Author Rana Faroohar thinks she knows the culprit. The rise of a financial-sector Goliath that's good at generating profits and has little appetite for promoting actual business growth:

To get a sense of the size of this shift, consider that the financial sector now represents around 7% of the U.S. economy, up from about 4% in 1980. Despite currently taking around 25% of all corporate profits, it creates a mere 4% of all jobs. Trouble is, research by numerous academics as well as institutions like the Bank for International Settlements and the International Monetary Fund shows that when finance gets that big, it starts to suck the economic air out of the room. In fact, finance starts having this adverse effect when it's only half the size that it currently is in the U.S. Thanks to these changes, our economy is gradually becoming "a zero-sum game between financial wealth holders and the rest of America," says former Goldman Sachs banker Wallace Turbeville, who runs a multiyear project on the rise of finance at the New York City—based nonprofit Demos.
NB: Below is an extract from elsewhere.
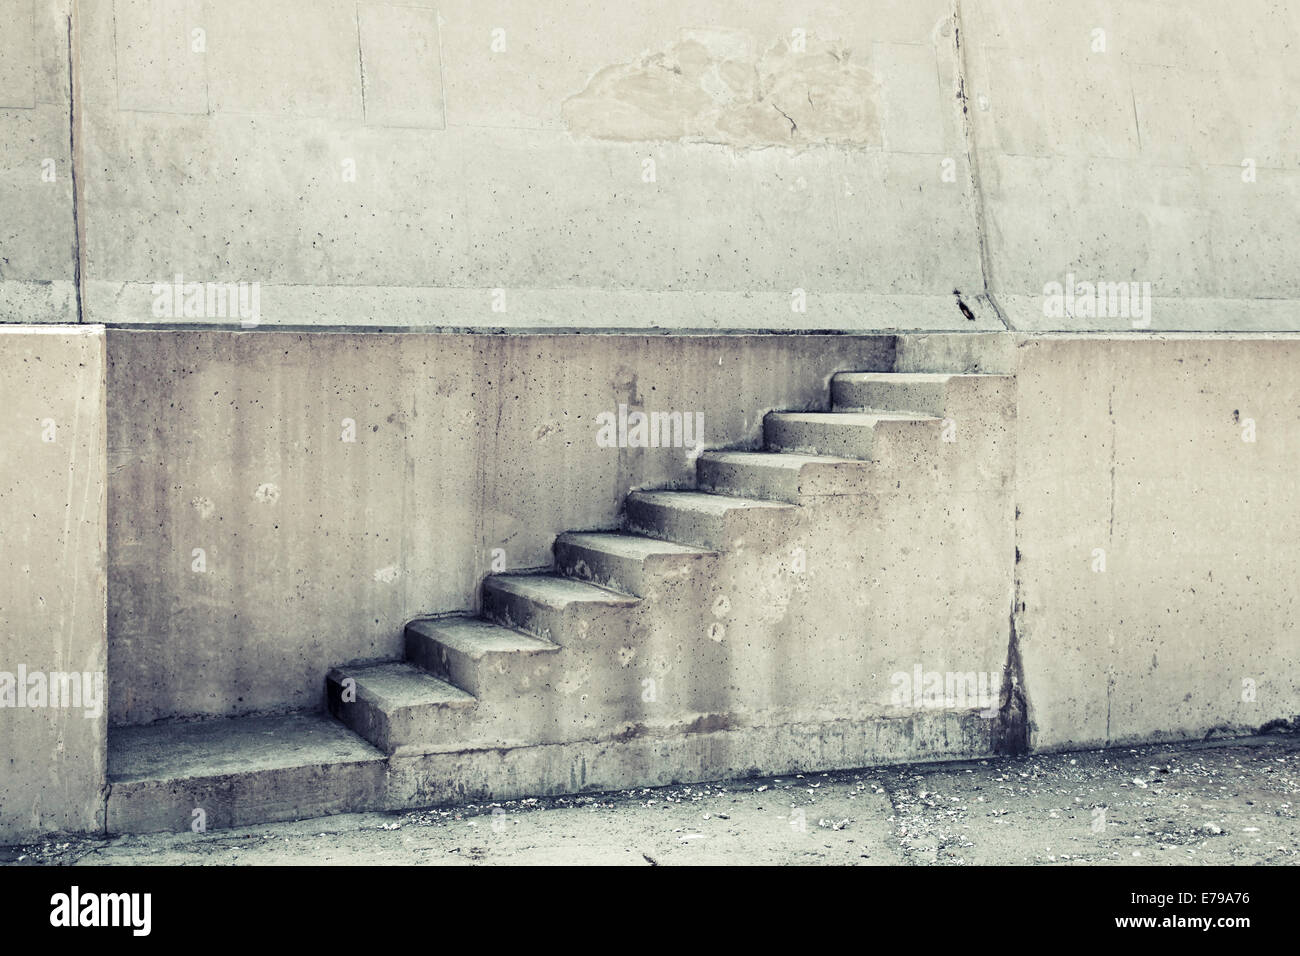 Concrete interior with stairway on the wall, vintage toned photo Stock Photo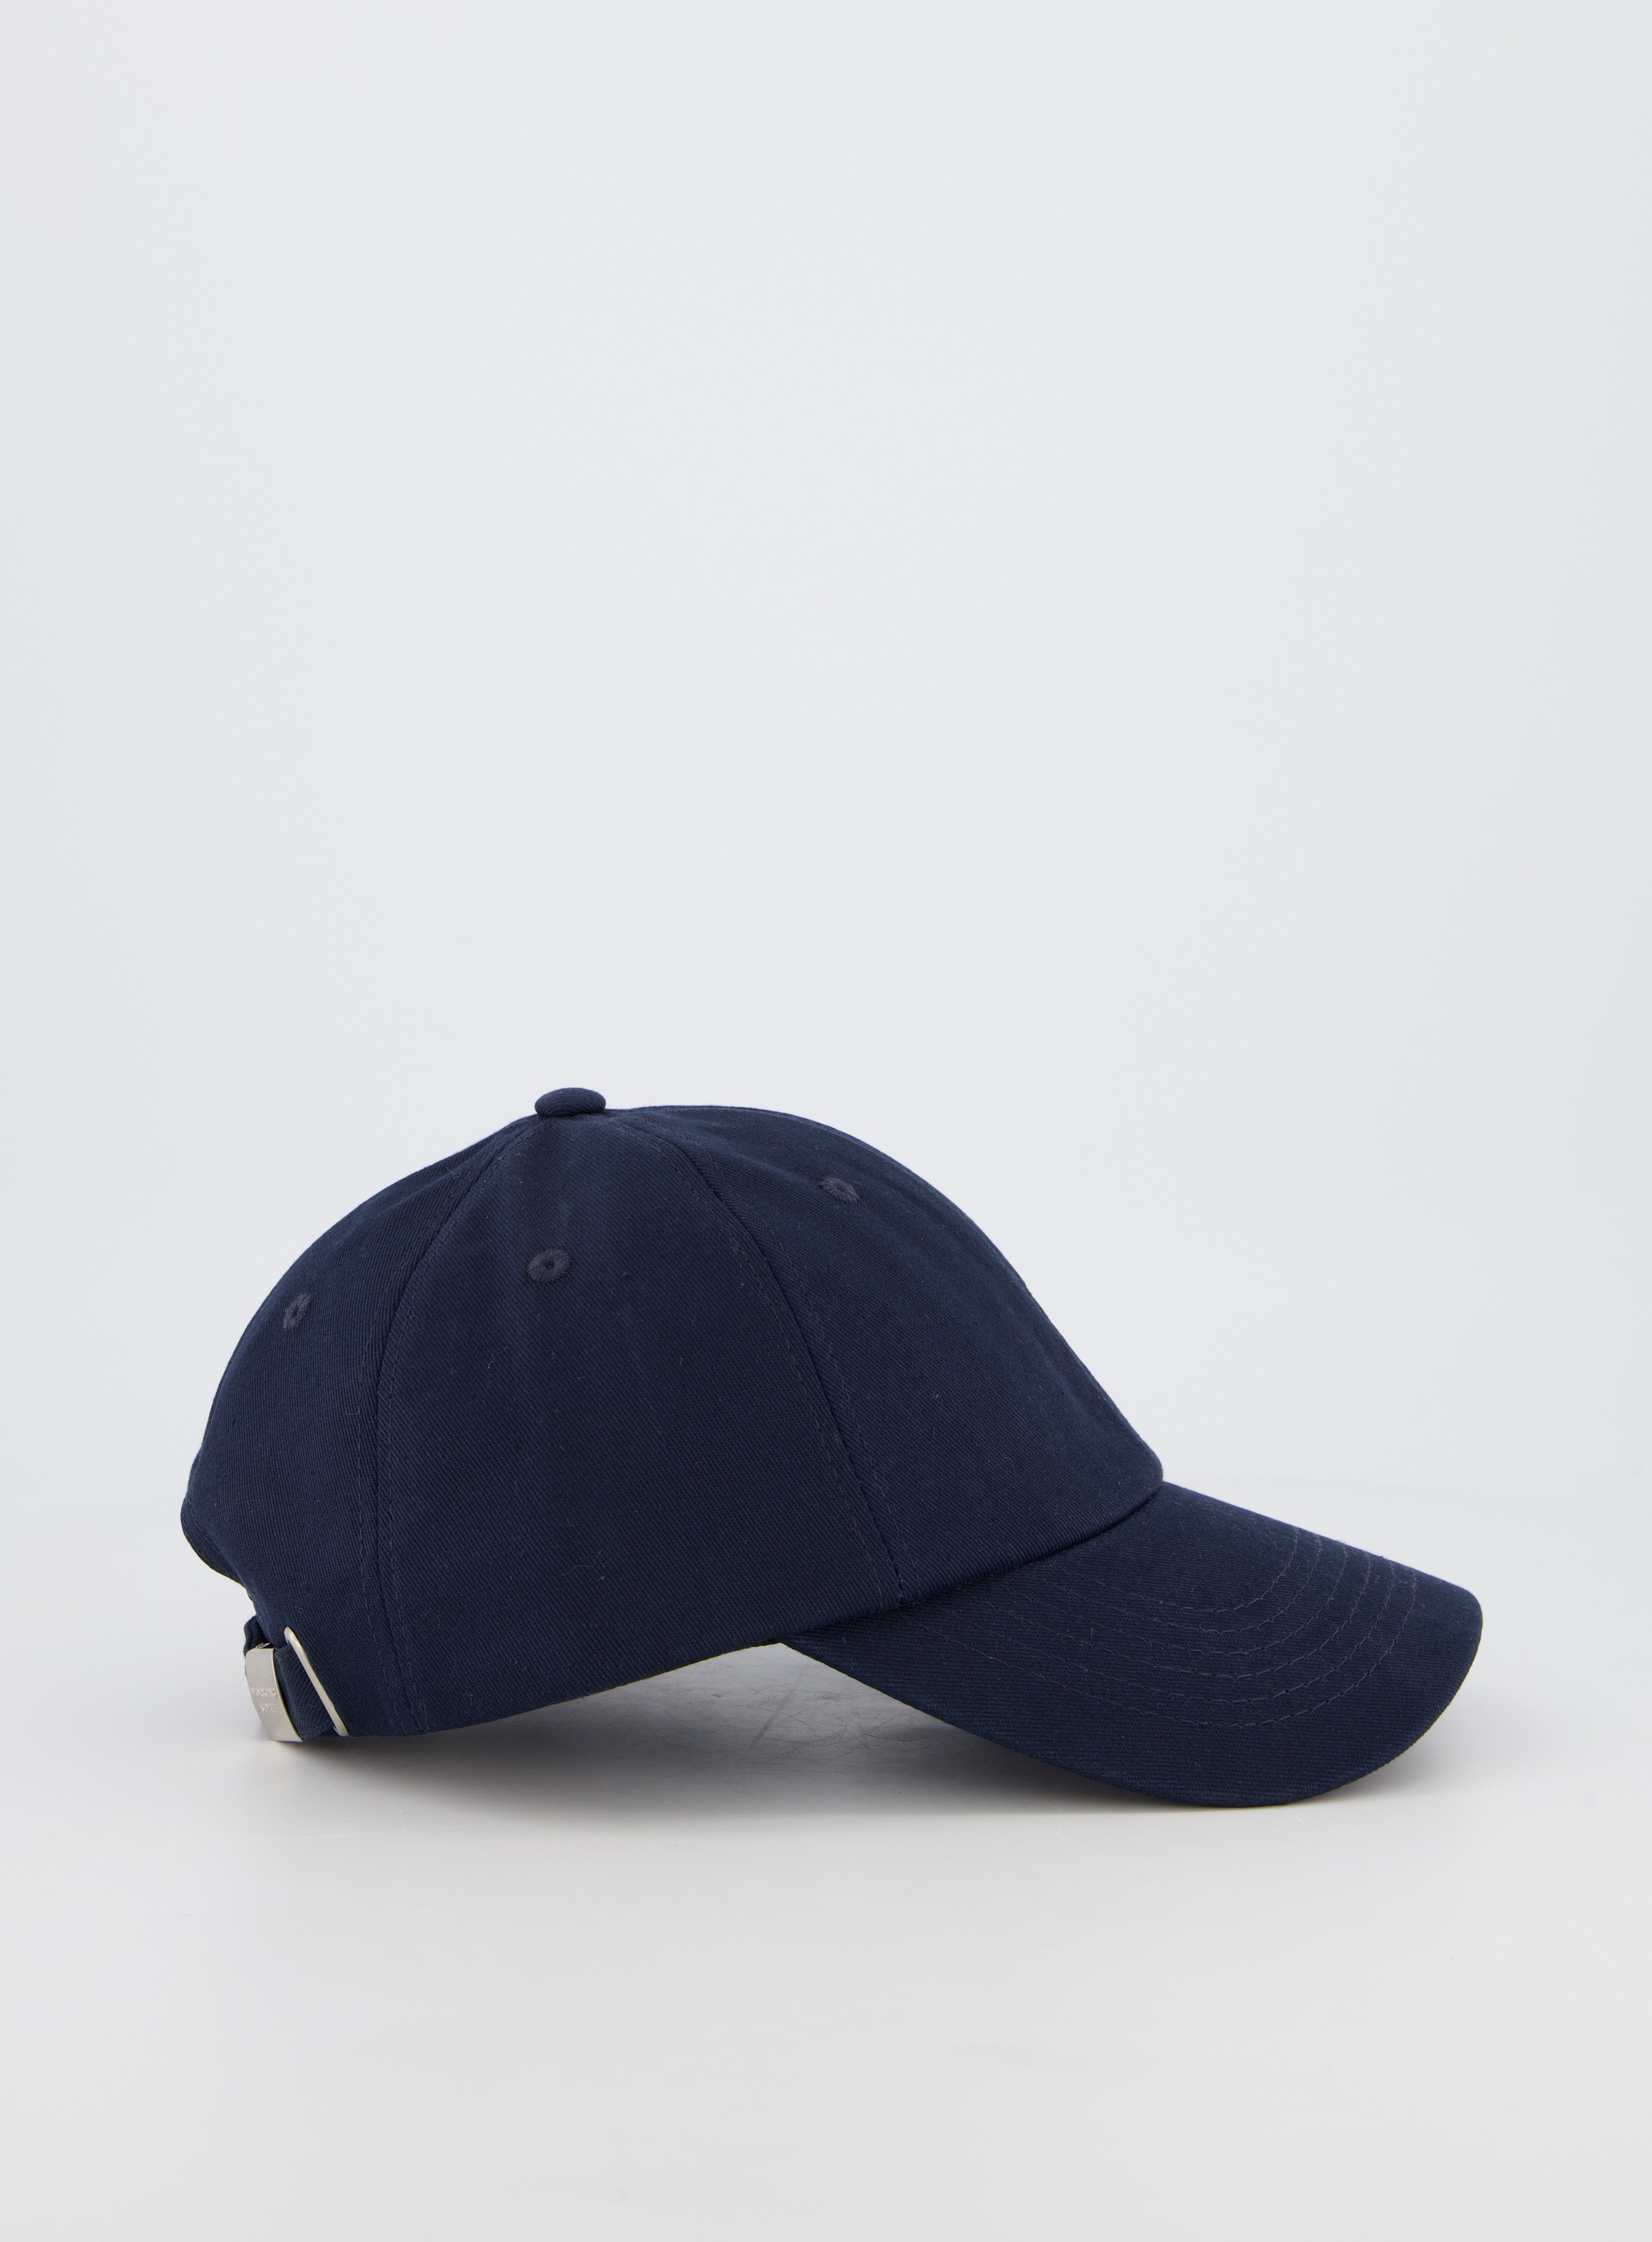 Mantle Navy Cotton Twill Cap | Working Style

Maybe now it makes sense that voters respond so well to Bernie Sanders' call to break up the big banks, even if the details are fuzzy. Not to mention Trump's talk on trade, not that I think that's the main reason for his support. But for all the horrible things that we're saying about the 2016 race, the scariest thought may be a thing that we're not even talking about. What of the likelihood that the next president -- regardless of who he or she may be -- can do almost nothing to stop the slow, steady rot of capitalism as it's practiced in the 21st Century?

You think the torches and pitchforks are out now? Wait until 2020.